Prince of Löwenstein-Wertheim-Rosenberg
- Period: 8 September 1908 – 25 January 1952
- Predecessor: Charles
- Successor: Charles
- Born: 15 September 1871 Kleinheubach, Kingdom of Bavaria
- Died: 25 January 1952 (aged 80) Bronnbach, West Germany
- Spouse: Countess Josephine Kinsky of Wchinitz and Tettau ​ ​(m. 1898; died 1946)​
- Issue: Princess Sophie Princess Agnes Karl, Prince of Löwenstein-Wertheim-Rosenberg Princess Monika Prince Felix Prince Ferdinand Princess Theresia Princess Maria-Anna Prince Johannes

Names
- German: Aloys Joseph Kamill Leopold Mikael Anton Maria
- House: Löwenstein-Wertheim-Rosenberg
- Father: Charles, Prince of Löwenstein-Wertheim-Rosenberg
- Mother: Princess Sophie of Liechtenstein
- Religion: Roman Catholic

= Aloysius, Prince of Löwenstein-Wertheim-Rosenberg =

Aloysius Joseph Kamill Leopold Michael Anton Maria, 7th Prince of Löwenstein-Wertheim-Rosenberg, Aloys Joseph Kamill Leopold Michael Anton Maria, Fürst zu Löwenstein-Wertheim-Rosenberg (15 September 1871 – 25 January 1952) was a German politician and the President of the Central Committee of German Catholics. He was a member of the House of Löwenstein-Wertheim-Rosenberg and was Prince of Löwenstein-Wertheim-Rosenberg from his father's abdication in 1908 until his death on 25 January 1952.

==Family==
Born in Kleinheubach, Kingdom of Bavaria, Aloysius was the sixth child and second son of Charles, Prince of Löwenstein-Wertheim-Rosenberg (1834–1921), brother of titular Queen consort of Portugal Adelaide of Löwenstein-Wertheim-Rosenberg, and his wife Princess Sophie of Liechtenstein (1837-1899). Aloysius was a direct male-line descendant of Frederick I, Elector Palatine.

==Life==
After completing his secondary education at the Jesuit College in Feldkirch, Aloysius graduated from law schools in Prague and in Fribourg, receiving his Dr. jur. utr. in 1895.

After the completion of his education and a trip to England, Aloysius began to assume greater responsibilities as a wealthy nobleman. He began serving as a member of the Württembergian Chamber of Lords (1895), the First Chamber of the Estates of the Grand Duchy of Hesse (1897), the Bavarian Reichsrat (1909), and the First Chamber of the Diet of the Grand Duchy of Baden (1910). In 1907, his father joined the Dominican Order and became a priest in 1908 after which he relinquished his noble titles and responsibilities to Aloysius.

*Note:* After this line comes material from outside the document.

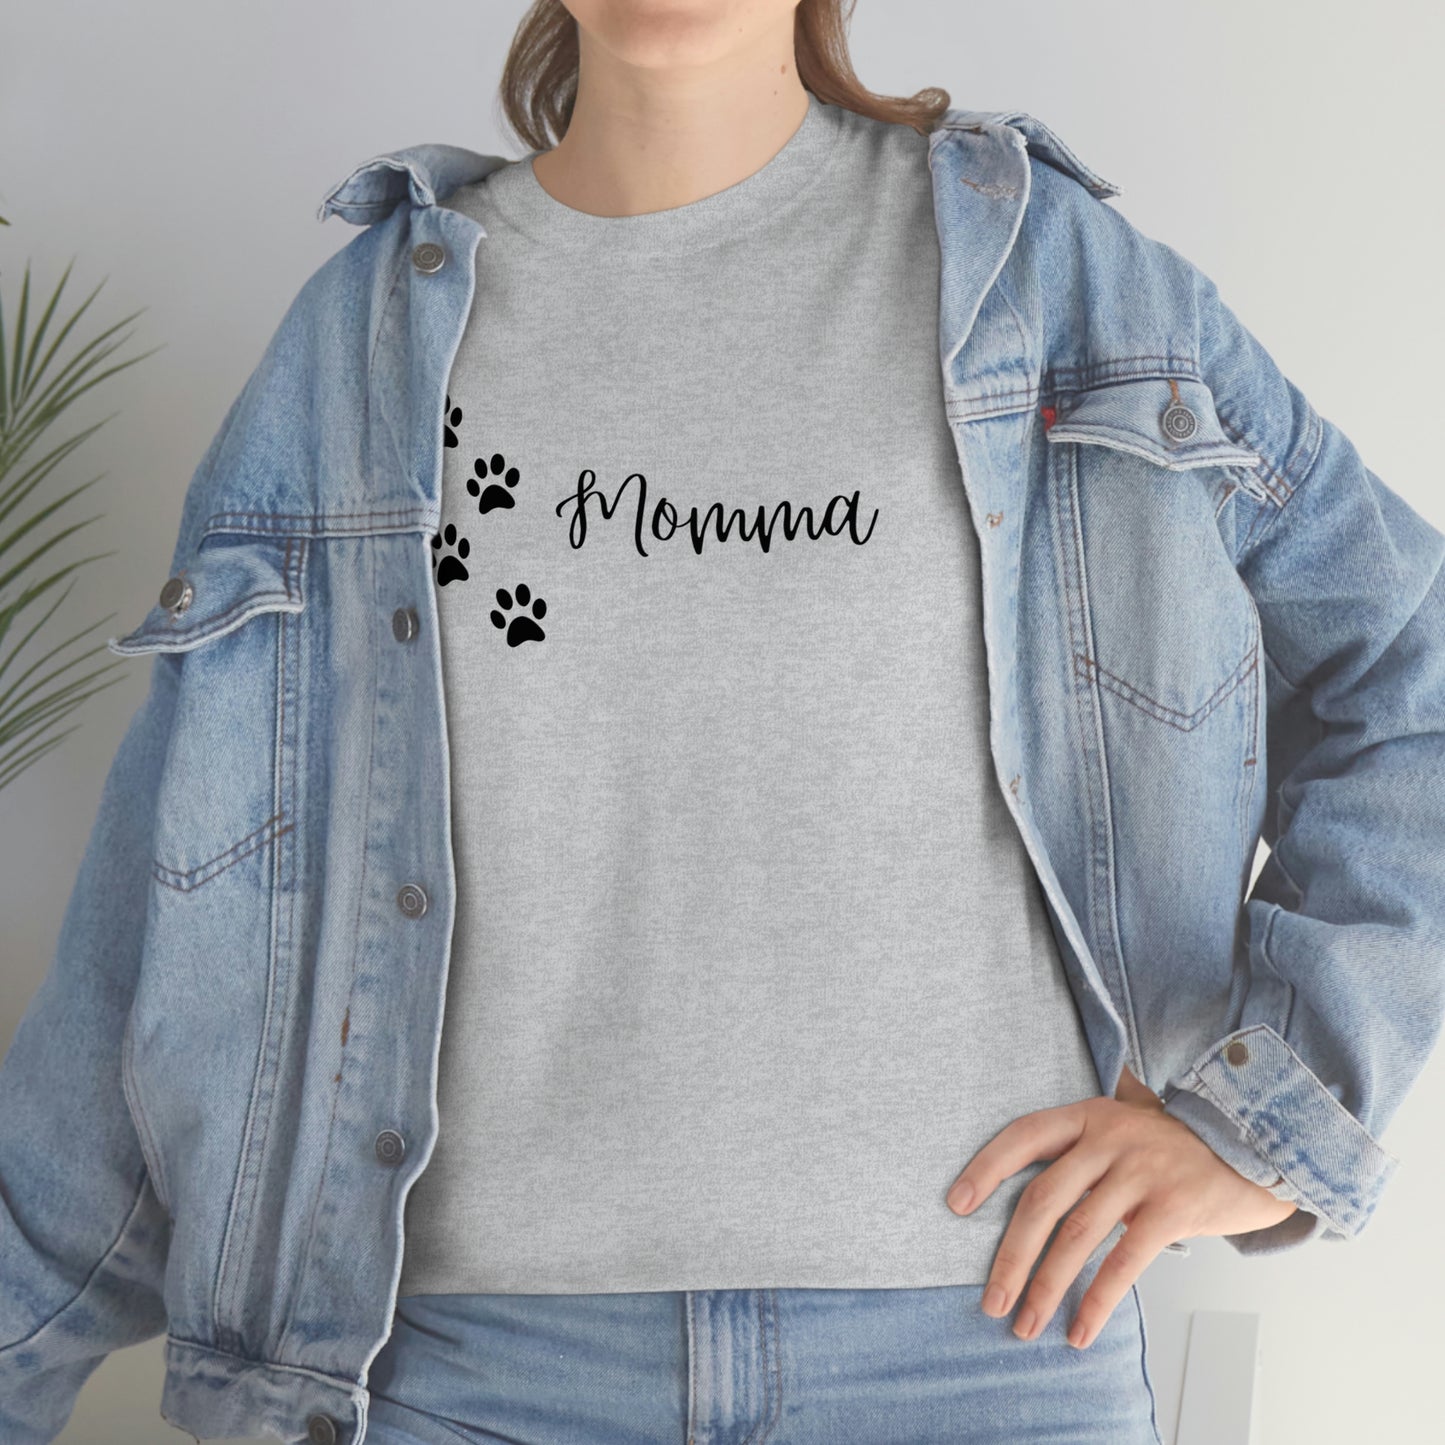 Dog or Cat Momma Tshirt
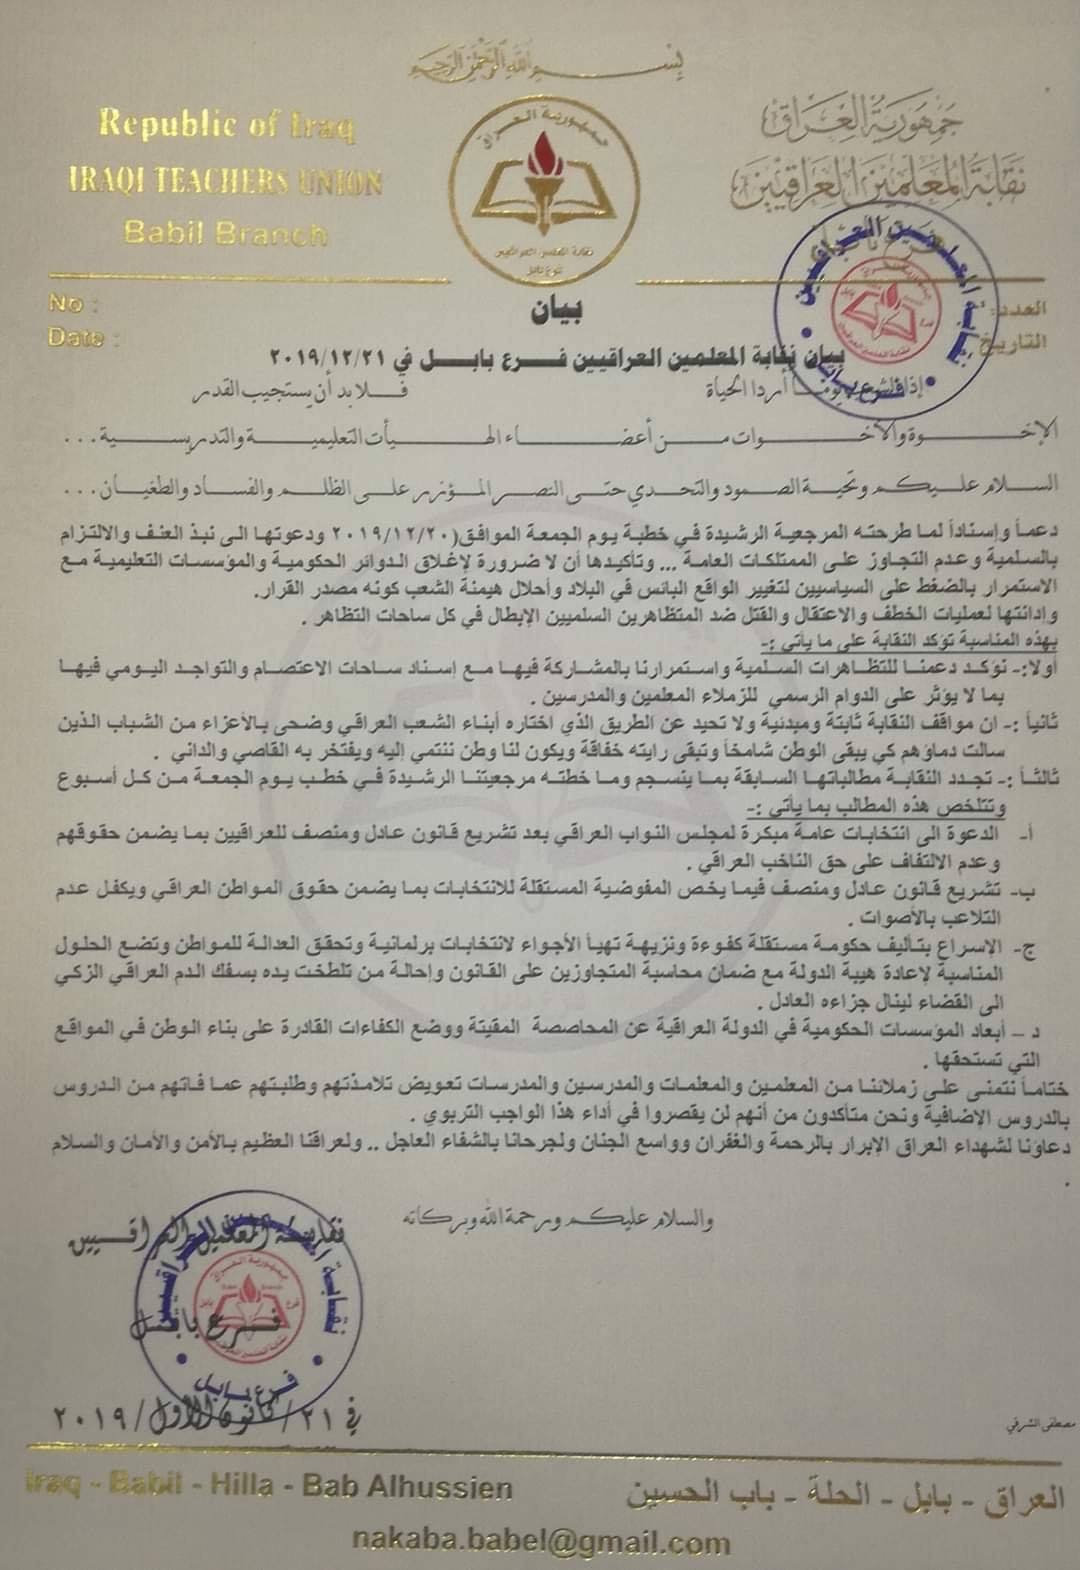 بالوثيقة : نقابة المعلمين في بابل تؤكد على الدوام الرسمي للمعلمين والمدرسين وعدم إغلاق المؤسسات التعليمية

In 1907, Aloysius was elected as a representative for the Trier I electoral district in the German Empire's Reichstag in which he served until the dissolution of the empire in 1918. He saw this and his other representative roles as a service to the state, which he rendered by defending the Roman Catholic Church and its goals. He did not, on the other hand, take to the work of a parliamentarian. While he could have chosen to embark on a diplomatic career, due to his previous education and the fact of belonging to the European nobility, he chose not to.

Although he volunteered for the war immediately in 1914, he tried to intervene as a moderating influence in the discussion on war aims; before 1914, he had already criticised German foreign policy as too power-hungry. From 1898, when he succeeded his father in embracing the Catholic lay movement and had served as vice-president of the Katholikentag in Neisse, he was a member of the central committee of German Katholikentage; in 1905 he chaired the Strasbourg Tag himself, thus helping to integrate the Catholics of Alsace-Lotharingia into the German Empire.

One of his primary interests was in missionary activities, and to bring life into this, the Internationales Institut für missionswissenschaftliche Forschungen in Münster (International Institute of missionary research) was founded in 1911 in Münster. Aloysius was its president until 1948. To this end, he also promoted the founding of journals.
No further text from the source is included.